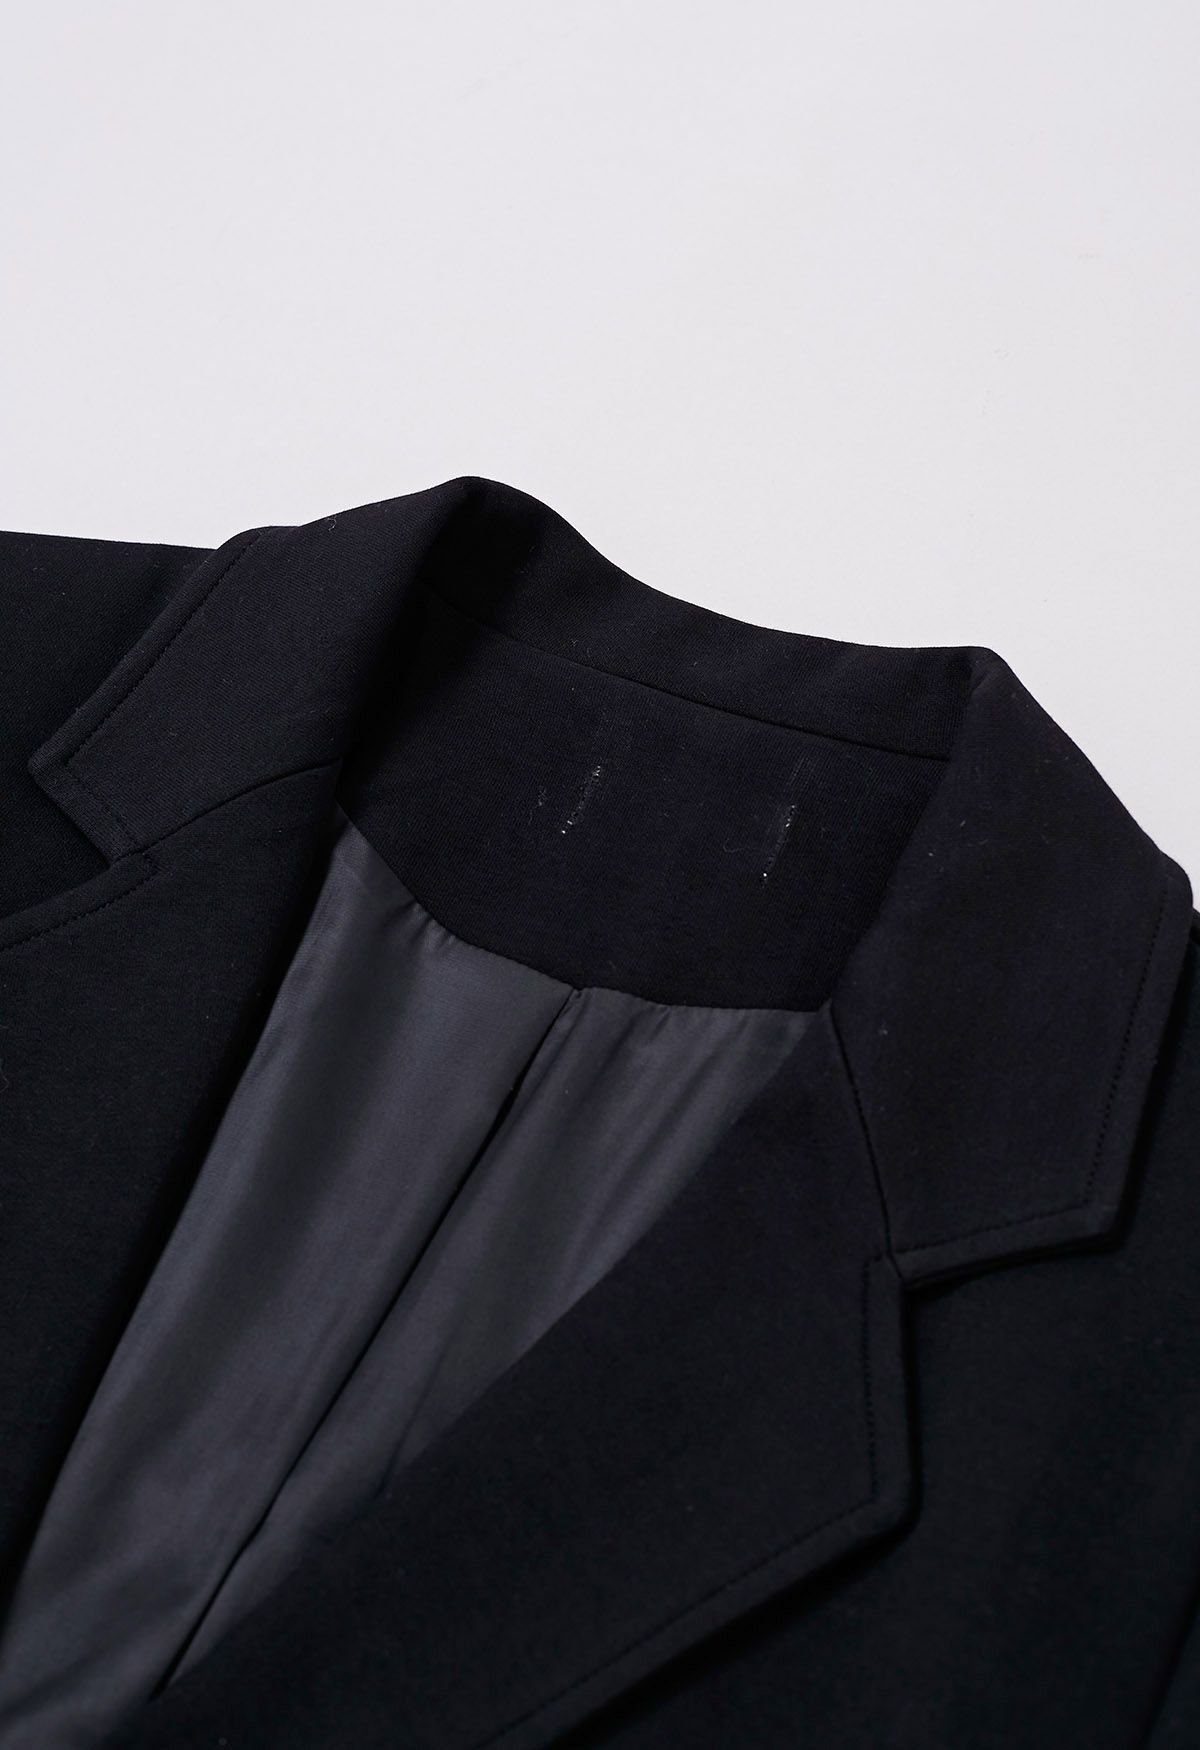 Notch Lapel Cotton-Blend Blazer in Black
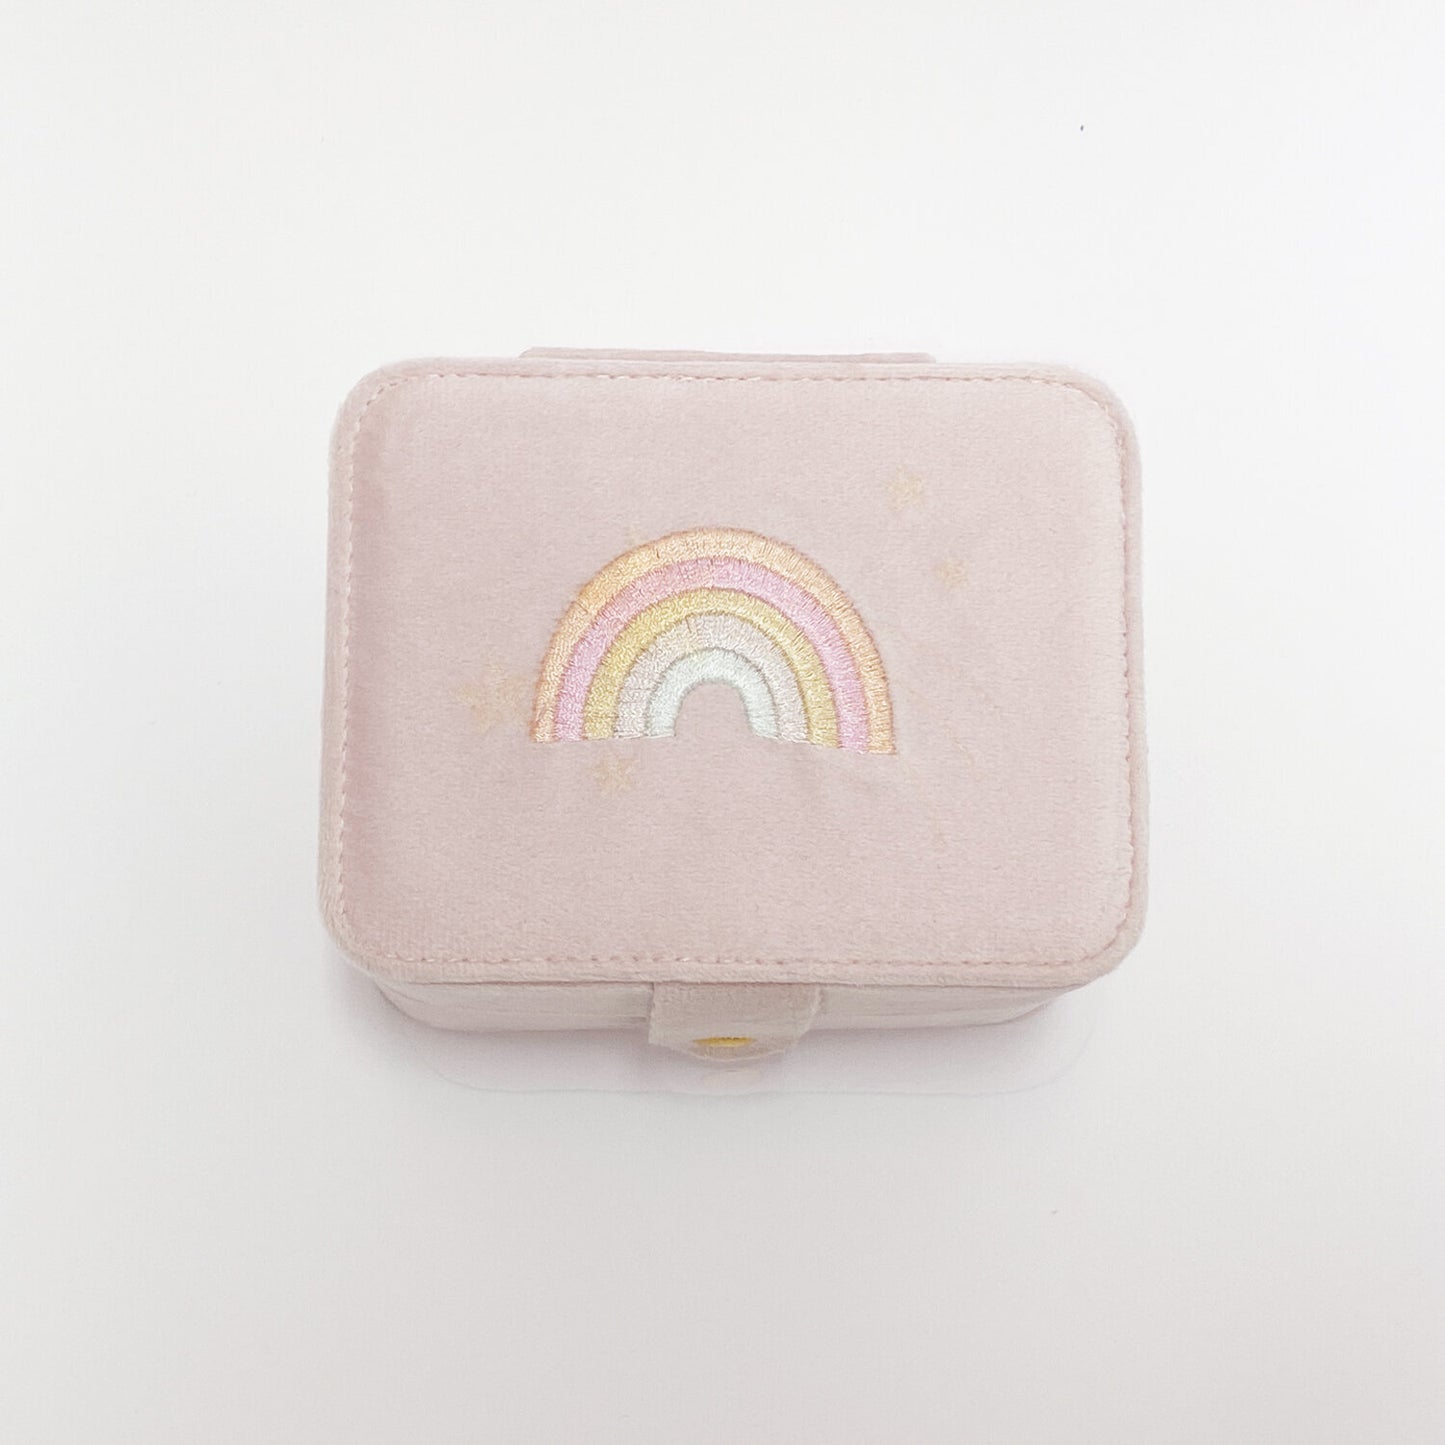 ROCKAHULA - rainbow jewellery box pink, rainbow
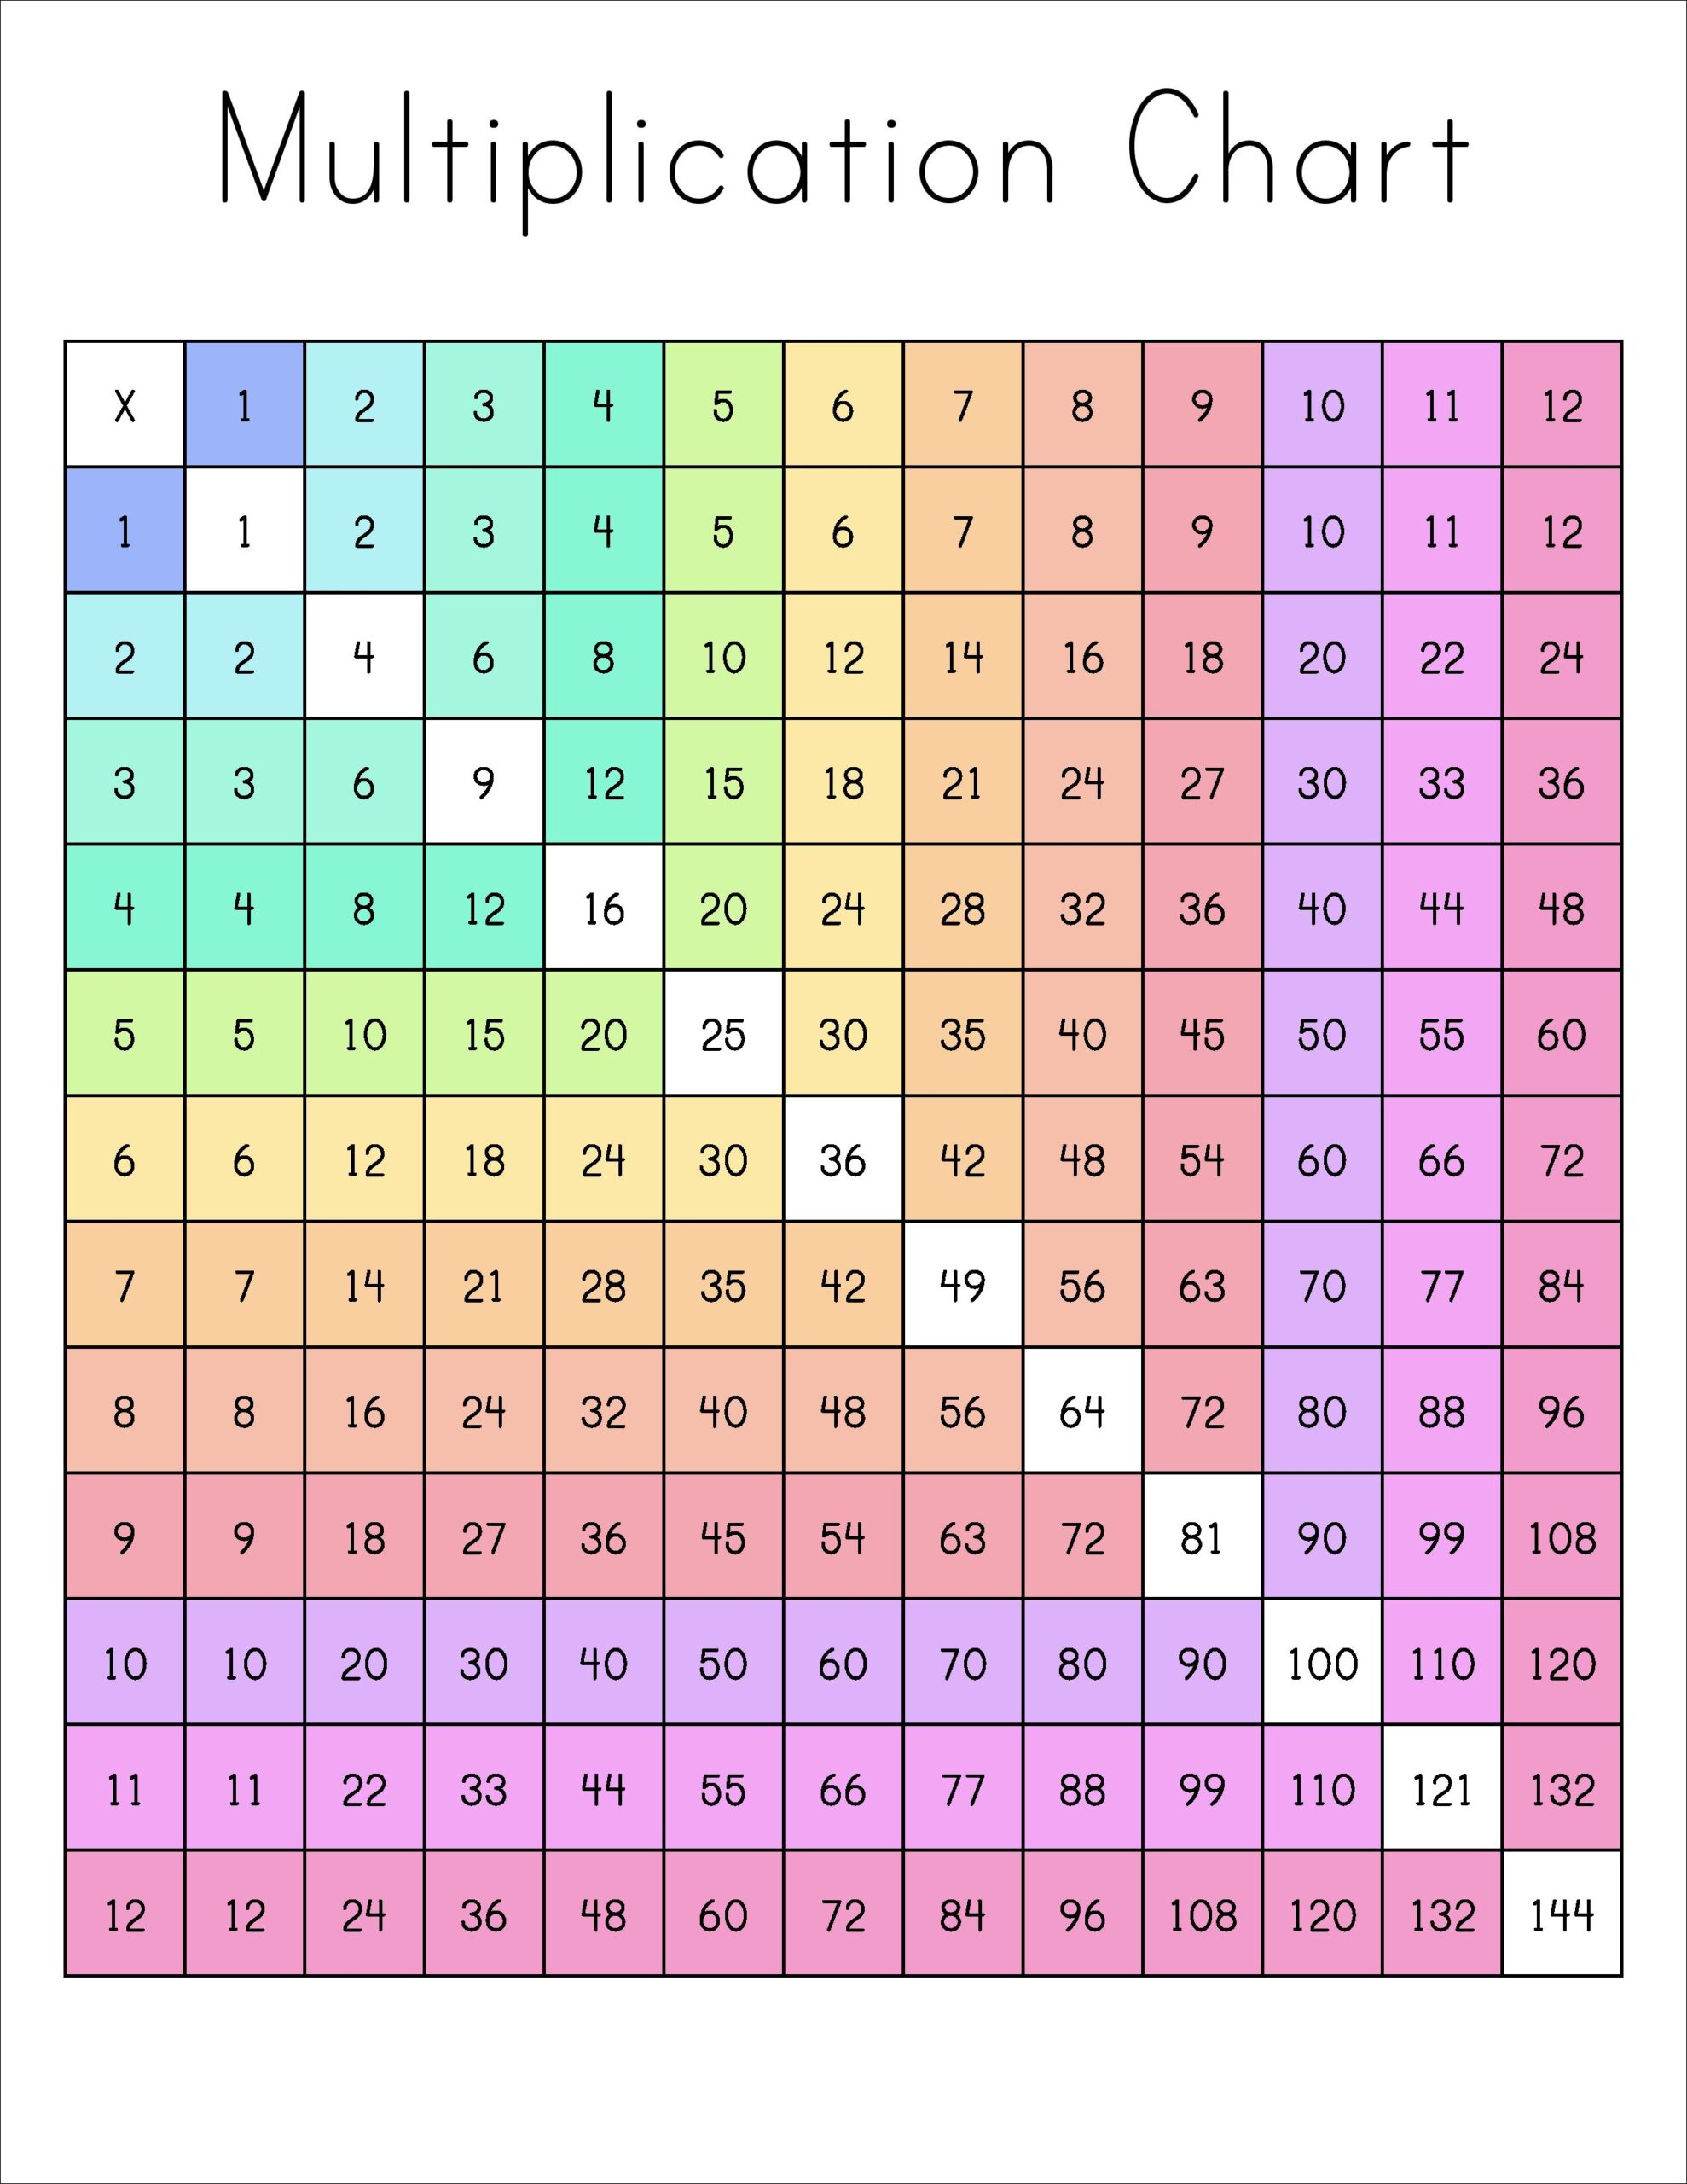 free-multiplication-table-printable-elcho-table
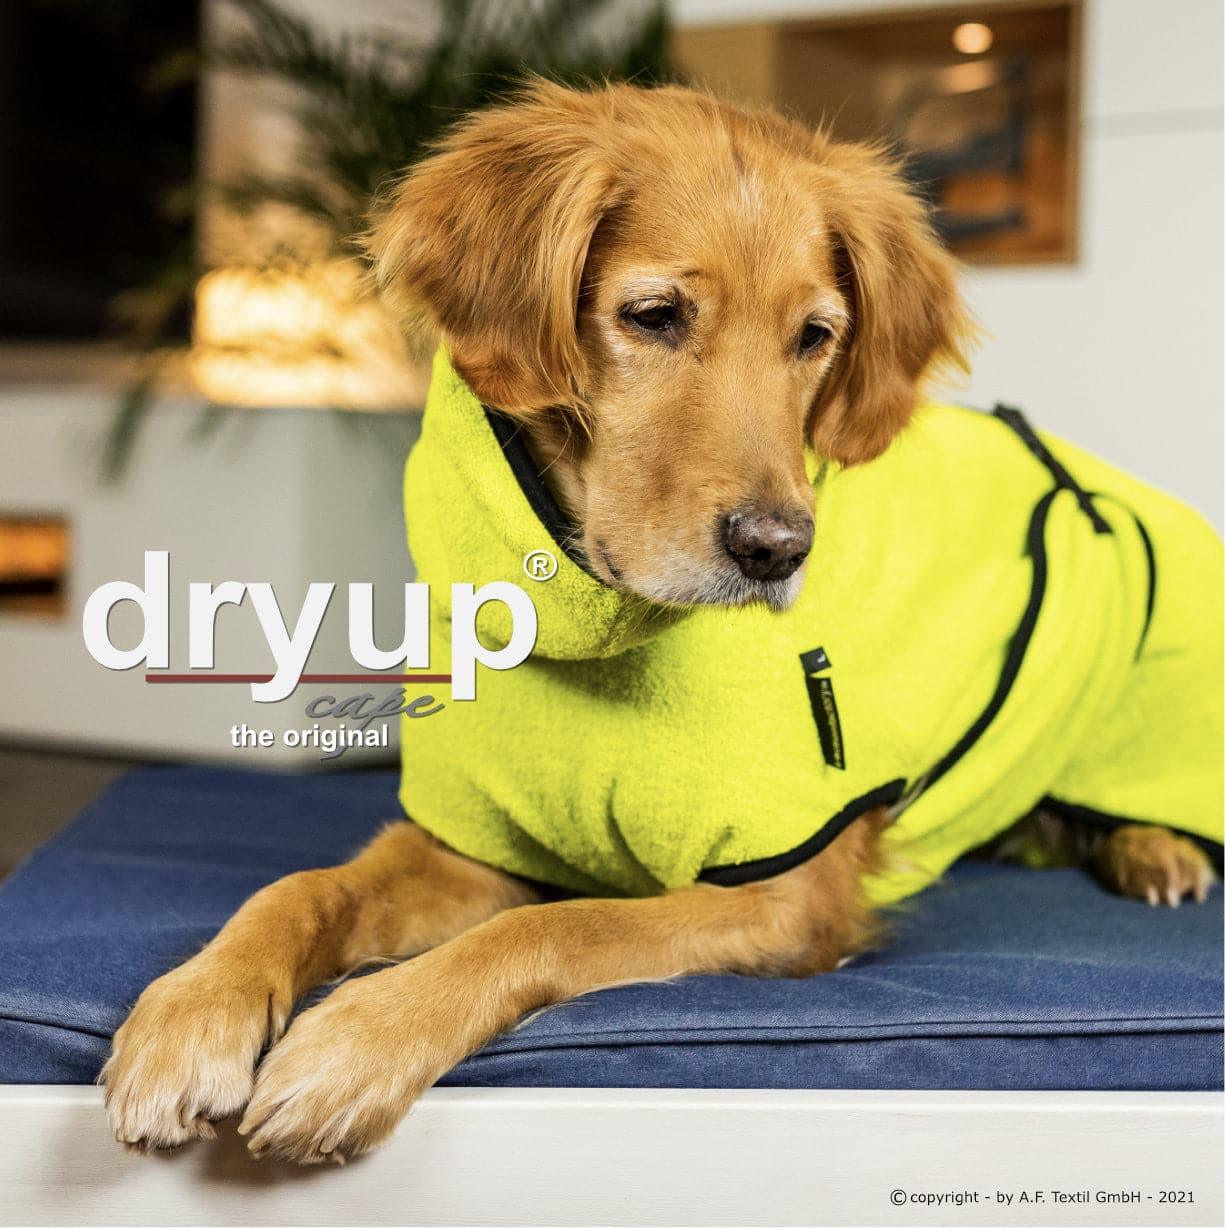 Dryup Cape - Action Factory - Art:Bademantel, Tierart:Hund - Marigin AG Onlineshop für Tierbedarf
━━━━━━━━━━
Required action: I would like the material repeated in full and exactly, with its images omitted.

Finished exercise:
 Notch Lapel Cotton-Blend Blazer in Black
 ROCKAHULA - rainbow jewellery box pink, rainbow
 free-multiplication-table-printable-elcho-table
 Dryup Cape - Action Factory - Art:Bademantel, Tierart:Hund - Marigin AG Onlineshop für Tierbedarf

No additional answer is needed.